Twitter Plot Summary: Aliens invade the Earth and it’s up to Jeff Goldblum and Will Smith (and er, Randy Quaid) to save the day. Huzzah.
The alien invasion B-Movie got the Hollywood treatment in 1996 in Roland Emmerich’s Independence Day. Combining an ensemble cast with big budget destruction and instantly iconic shots, such as the destruction of the White House, Independence Day is the very definition of brainless summer blockbuster. The plot is classic B-movie territory – an alien mothership arrives in Earth orbit and several smaller, city-sized ships descend into the atmosphere and hover over major cities across the world. It soon becomes clear that they mean to eradicate humanity and it’s up to a few select characters to organise a fight back and save the day.
Jeff Goldblum is at his most Goldblum as David, the man who works out what the arrival of the aliens means to humanity (it’s not good, obviously). He is his usual mass of hands and choice use of words, in other words one of the high points in a film filled with actors having fun. Bill Pullman has a rare opportunity to take the lead as President Whitmore and rather gratefully has the cheesiest rousing speech in cinema history. Will Smith fully set in motion his movie star career as Captain Steven Hillard, a cocky fighter pilot who gets a memorable close encounter with one of the alien invaders. Finally (although there are plenty more to mention, including a young Adam Baldwin and Robert “Space” Loggia in supporting roles), there is Randy Quaid as an alcoholic crop duster who is ridiculed for constantly claiming he was once abducted by aliens.

It is cheese at its finest, an excuse for bigging up America and painting the rest of the world as incompetent in the face of an alien invasion. According to Independence Day, the rest of the world spend all of their time waiting for the United States to work out a plan of retaliation rather than trying to do something about it themselves.

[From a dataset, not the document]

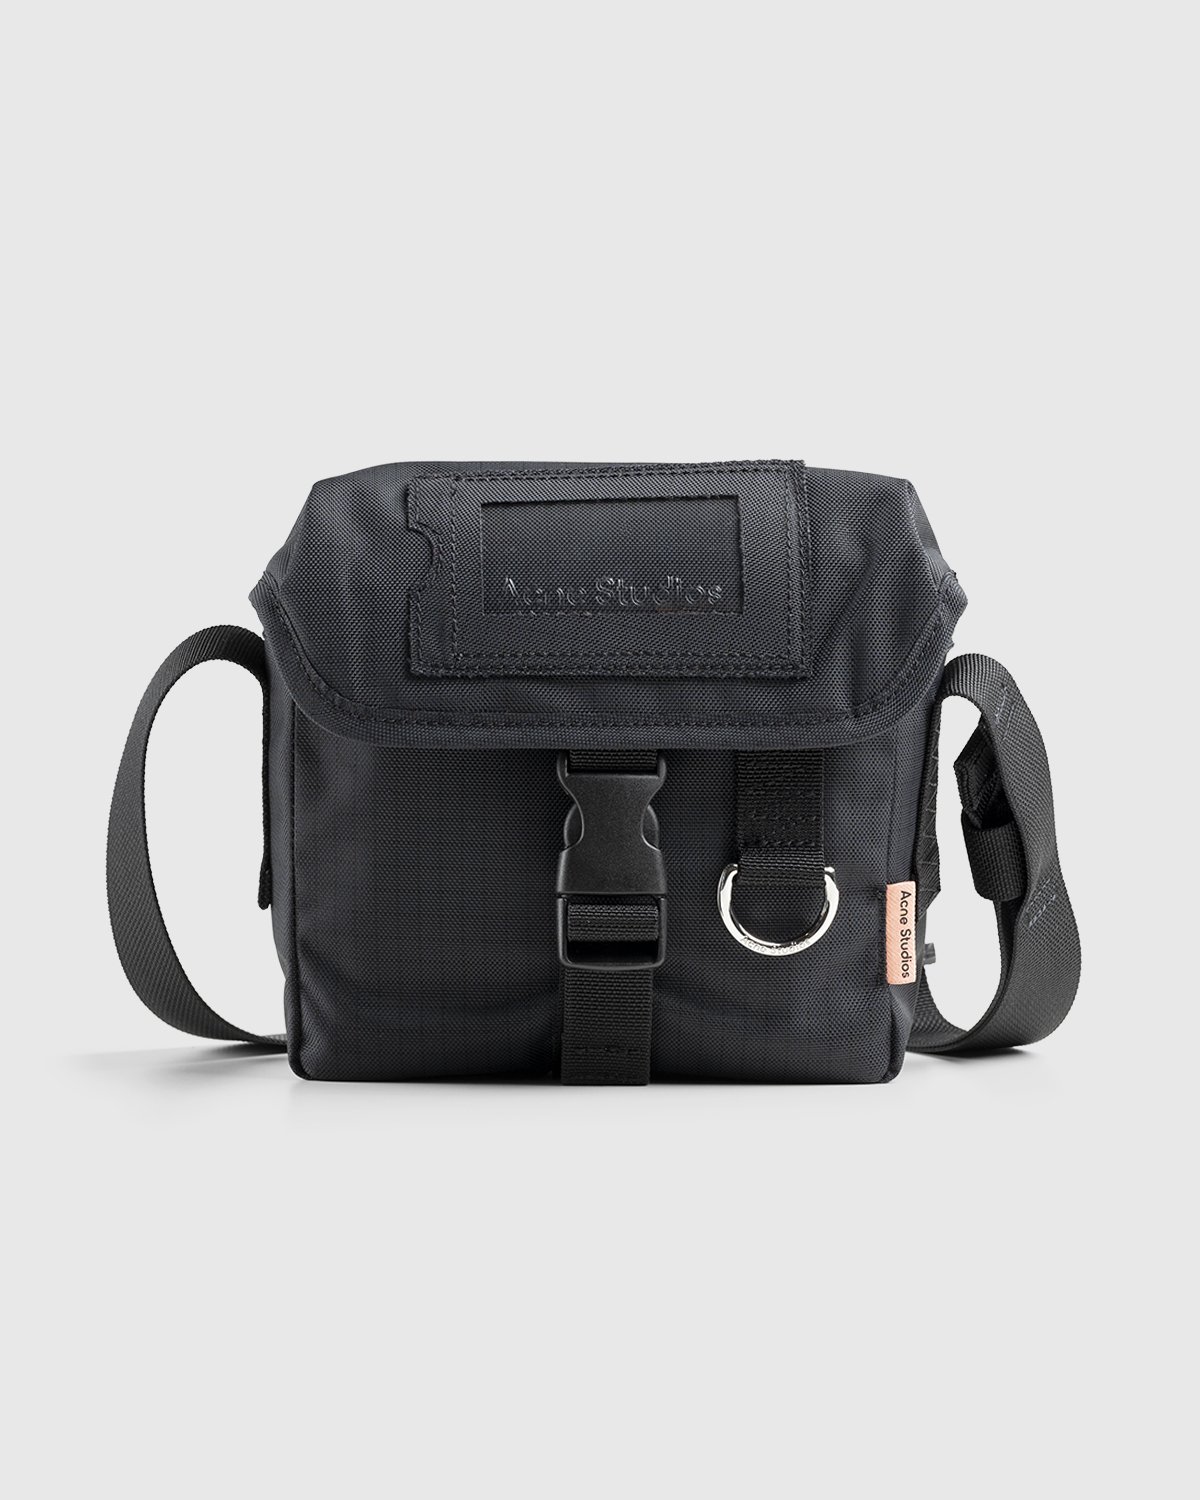 Acne Studios - Small Messenger Bag Black - Accessories - Black - Image 1

But then, the rest of the world’s incompetence is America’s gain in the face of total annihilation, right?
Roland Emmerich is clearly the master of effects-driven big screen destruction, and it’s evident that the latter half of his directorial career was heavily influenced by this film, the destruction increasing on an almost exponential basis and becoming sillier and more ridiculous with each script he makes. This was the starting point for all of that, though. Silly action scenes and one liners are the byword for the day, with both a plot and characters that are ultimately vacuous. If he didn’t have quite the same skill at providing solid action sequences, the occasional scare and building tension, it would be yet another film destined for the bargain bin.
So it’s pretty much all gubbins, yet it’s entertaining gubbins all the same. Who can criticise a film that wears its influences on its sleeve so brazenly, its desire to entertain so blatantly? It may be jingoistic, excessively patriotic and refuses to kill a dog despite having no qualms about showing the death of thousands of civilians, but it’s pure mindless cinema and the faults and nitpicks only heighten your enjoyment.